Des dizaines de détenus incarcérés dans des conditions terribles, dans des conteneurs de transport maritime en métal, sans aération ou presque, ne recevant de la nourriture qu’une à deux fois par semaine et de l’eau potable en quantité insuffisante, risquent de mourir, a déclaré Amnesty International vendredi 27 mai 2016.
Selon des informations qui lui sont parvenues, ces conditions de détention auraient déjà causé la mort de plusieurs prisonniers sur le site de Gorom, situé à une vingtaine de kilomètres de la capitale Djouba. Régulièrement, les soldats les sortent des conteneurs pour les passer à tabac.
« Les détenus subissent des conditions épouvantables et le traitement qui leur est réservé relève de la torture, a déclaré Muthoni Wanyeki, directrice régionale d’Amnesty International pour l’Afrique de l’Est, la Corne de l’Afrique et les Grands lacs.
« Ce mépris total pour la vie et la dignité humaine doit cesser et pour cela, il faut fermer sur-le-champ le site de détention jusqu’à ce que les conditions soient mises en conformité avec les normes relatives aux droits humains. »
Sur une image satellite qui, selon Amnesty International est le site de détention de Gorom, on peut voir quatre conteneurs métalliques placés en forme de L, encerclés par deux clôtures. Selon des informations reçues par Amnesty International, ces quatre conteneurs servent à accueillir des détenus et ont été amenés sur le site début novembre 2015.
La plupart des détenus sont des civils qui n’ont été inculpés d’aucune infraction et sont accusés d’entretenir des liens avec l’ex-groupe rebelle Mouvement/Armée populaire de libération du Soudan en opposition (SPLM/A-IO), qui fait aujourd’hui partie du gouvernement d’unité nationale.

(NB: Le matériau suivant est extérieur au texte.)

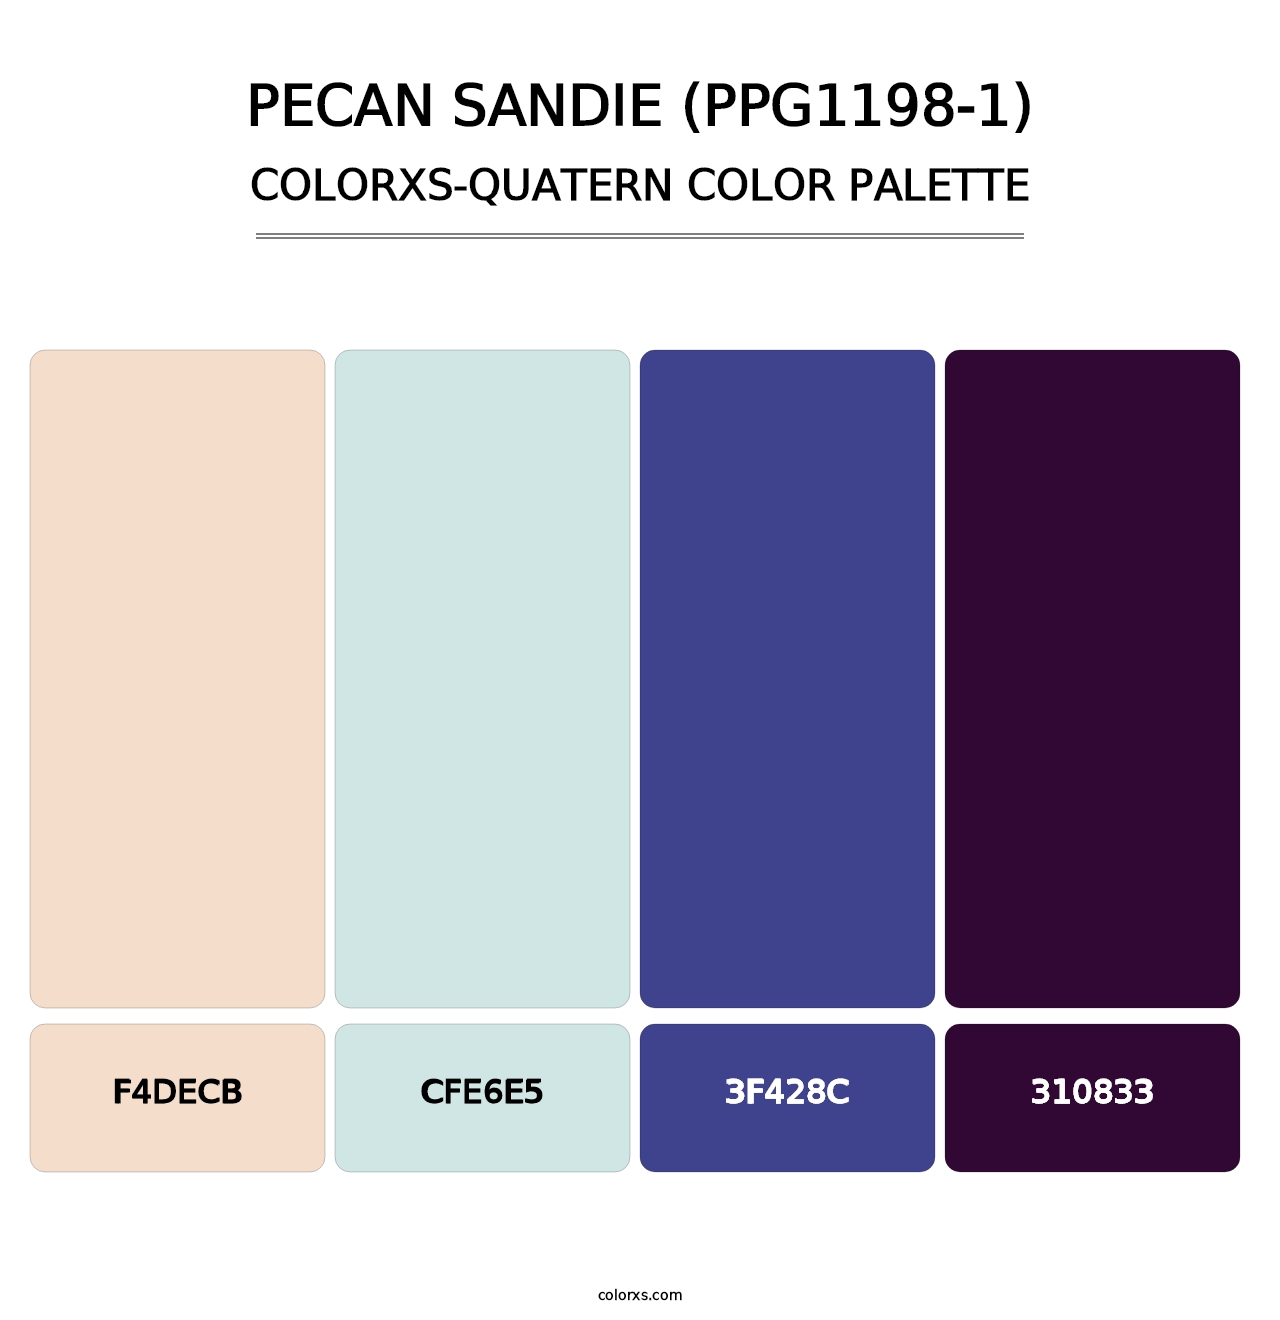 Pecan Sandie (PPG1198-1) - Colorxs Quatern Palette

Ils ne sont pas autorisés à contacter un avocat ou leurs proches, ni à comparaître devant un juge.
« Tous les détenus doivent être libérés ou inculpés et traduits devant des tribunaux indépendants. Les prisonniers civils doivent toujours être incarcérés dans des centres civils de détention et jugés par des tribunaux civils », a déclaré Muthoni Wanyeki.
Amnesty International a adressé un courrier au général Marial Nour, directeur des services de renseignements de l’armée, demandant des informations supplémentaires sur le site de détention de Gorom, notamment les conditions de détention, le nom des personnes qui y sont détenues et celles qui sont mortes.
Elle a également écrit au président Salva Kiir pour l’informer de la situation à Gorom, et lui demander, en sa qualité de commandant en chef des forces armées, d’intervenir et de mettre un terme aux violations des droits humains perpétrées sur ce site.
« Le président Kiir doit ordonner la tenue d’une enquête indépendante sur ce site et sur les pratiques de détention des services de renseignements militaires en général, en vue de réformer ces pratiques et de faire en sorte que les responsables présumés d’actes de torture, d’homicides et de disparitions forcées soient amenés à rendre des comptes, a déclaré Muthoni Wanyeki.
« Dans l’attente de ces investigations, le président doit suspendre tous ceux qui sont raisonnablement soupçonnés d’avoir commis de tels actes. »
Ces révélations surviennent à peine deux mois après qu’Amnesty International a publié un rapport exposant en détail l’asphyxie délibérée de plus de 60 hommes et garçons dans des conteneurs de transport à Leer, dans l’État d’Unité en octobre 2015. Elle demandait que cessent les homicides illégaux commis par les forces armées.